Associate Investigator, The Feinstein Institute for Medical Research
Phone: (516) 562-1076
Dr. Wentian Li obtained his BS from Beijing University (physics) and PhD from Columbia University (physics and complex systems). He has a diverse background by working at the Condensed Matter Theory Group at Brookhaven National Laboratory, Center for Complex Systems Research at University of Illinois at Urbana-Champaign, Santa Fe Institute, Lab of Statistical Physics at Rockefeller University, Computational Biology group at Cold Spring Harbor, Statistical Genetics Lab at Columbia University Medical Center and New York State Psychiatric Institute. Before joining the Feinstein Institute for Medical Research, he was an assistant professor at Rockefeller University. He joined the Center for Genomics and Human Genetics to apply his genetic analysis expertise on data generated in studying rheumatoid arthritis. Besides the traditional genetic analysis such as pedigree/linkage analysis and case-control genetic association analysis, he is collaborating with many groups at Feinstein on microarray expression analysis. More recently, with the high demand on a biological understanding of the data, he is also doing bioinformatics and system biology analysis.
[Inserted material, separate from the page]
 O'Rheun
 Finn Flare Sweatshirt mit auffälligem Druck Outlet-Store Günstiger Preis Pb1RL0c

Dr. Li’s scope of expertise is statistical, mathematical, computational, and quantitative analysis of biomedical data. As the type of the data evolve with the biotechnology, the type of analyses which Dr. Li is involved also constantly shifting. Whether it is shifting from family genetic data to population data, from common variants typed by chip to rare variants obtained by next-generation-sequencing, from microarray expression data from sequence-based expression profile, from intermediate-sized data to big data, or from pure statistical analysis to bioinformatics and biology-annotated data analysis, Dr. Li’s work never stands still. He has published roughly 110 peer-reviewed publications, with 60% as the first or senior author.
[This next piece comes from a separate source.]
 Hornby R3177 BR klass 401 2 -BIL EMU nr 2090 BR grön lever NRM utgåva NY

Over the year, Dr. LI has reviewed more than 370 scientific papers for 95 different journals. He was an editorial board member of Bioinformatics from 2005 to 2008, and an editorial board member of Journal of Theoretical Biology since 2005. In 2013, he became one of the two editors-in-chief of Computational Biology and Chemistry. Since then, he helped to edit a special issue on “Complexity in Genomes”, and is producing another special issue “Advances in System Biology”. He served as an ad hoc reviewer for NIH’s Tumor Microenvironment Network grant proposal in 2011, as well as a grant reviewer for Centre National de la Recherché Scientifique (CNRS) in France, Biotechnology and Biological Sciences Research Council (BBSRC) in UK, Ministry of Science and Technology in India, and Wellcome Trust in UK. He was a co-organizer of the satellite meeting on genomic complexity at European Conference on Complex Systems (ECCS’12), and has been a program committee member for the annual Asia-Pacific Bioinformatics Conference since 2007.
Our research focus is to assess, analyze, summarize, annotate biomedical data, both to aid biologists to understand topics of their study, and for ourselves to generate theoretical hypothesis on biological phenomena and human diseases.
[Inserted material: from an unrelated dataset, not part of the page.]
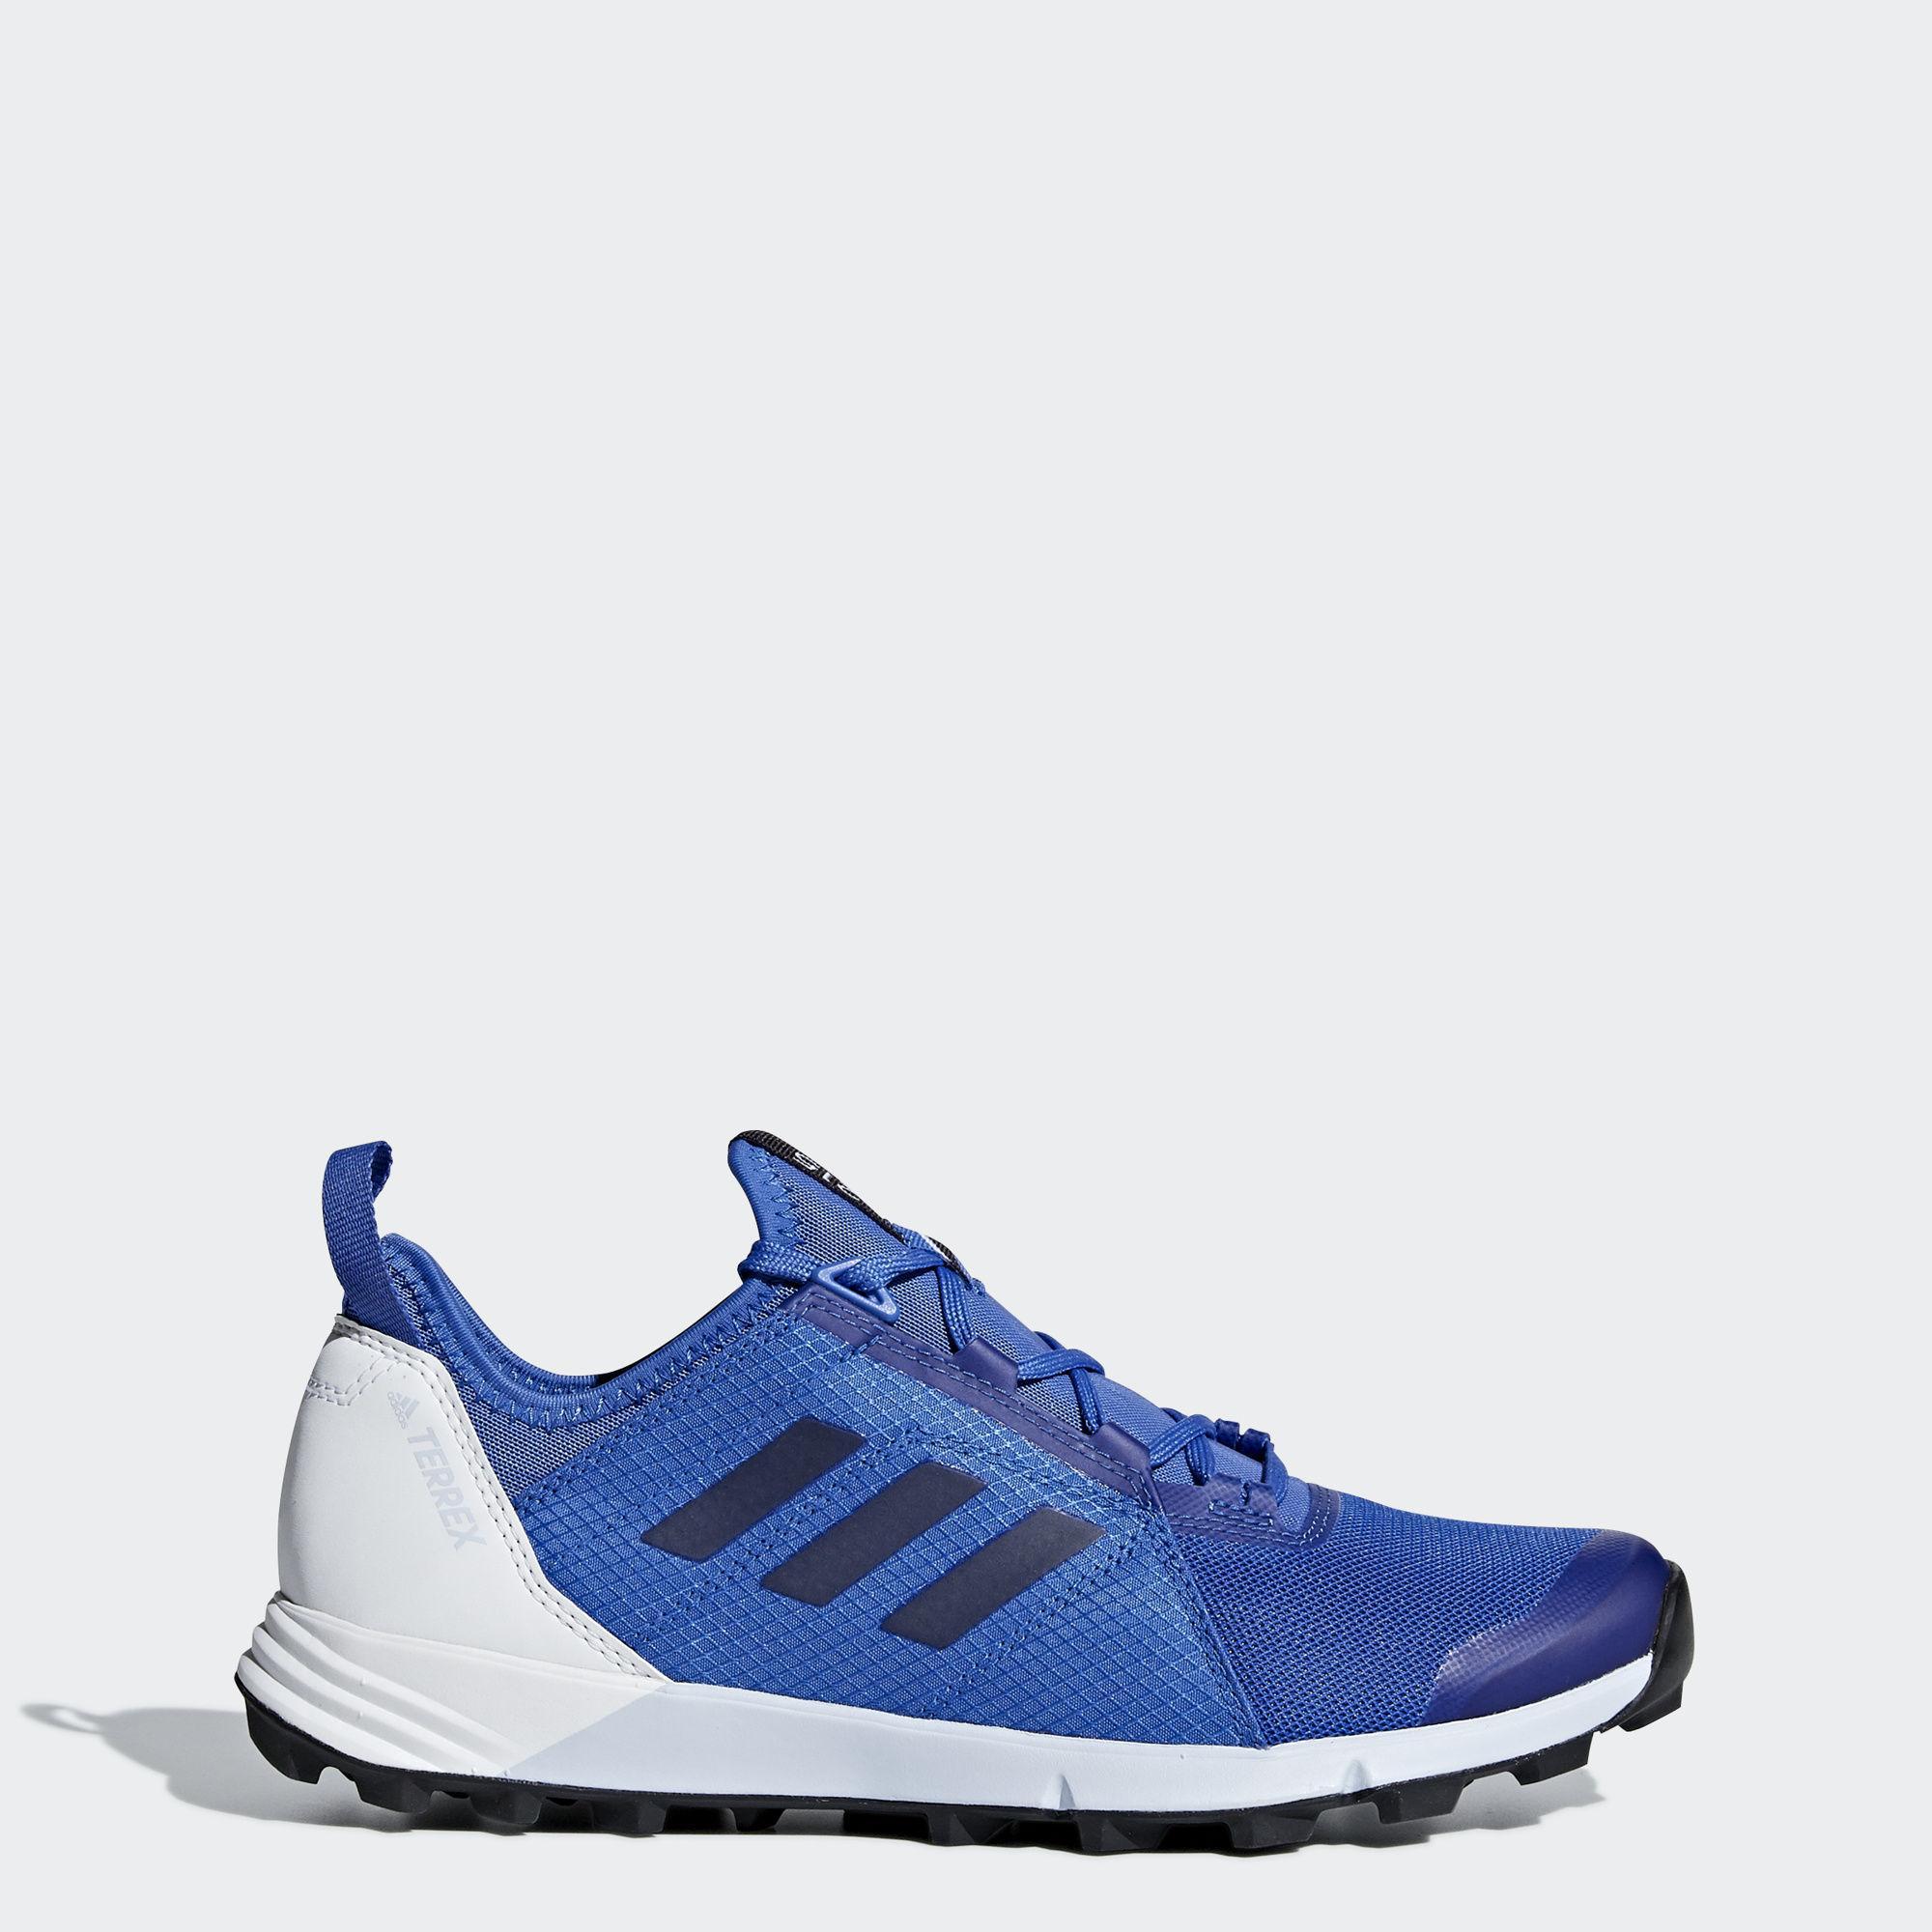 Adidas TERREX Agravic Speed Laufschuhe Laufschuhe Laufschuhe Damen Hi-Res Blau / Core schwarz / Aero Blau im Online Shop von SportScheck kaufen Gute Qualität beliebte Schuhe 5de271

The genetic study of complex diseases has reached a stage where all amino-acid-changing, stop-codon-introducing, splicing-site-altering variants can be relatively easily investigated, whereas non-coding variants are difficult to study. We choose to pursue a reasonably established topic in bioinformatics, the transcription-factor-binding-site (TFBS), as an entry point to understand non-coding variants. The effect of a single-nucleotide-polymorphism (SNP) in a TFBS can be measured by the binding score difference between the reference allele and the variant allele. Combining the binding score change with other information, such as the openness of the chromatin structure, evolutionary conservation of the studied position, the distance to the transcription start site (TSS), as well as enhancer locations predicted by other experiment and analytic means, may help us to prioritize and filter variants that are more likely to be functional.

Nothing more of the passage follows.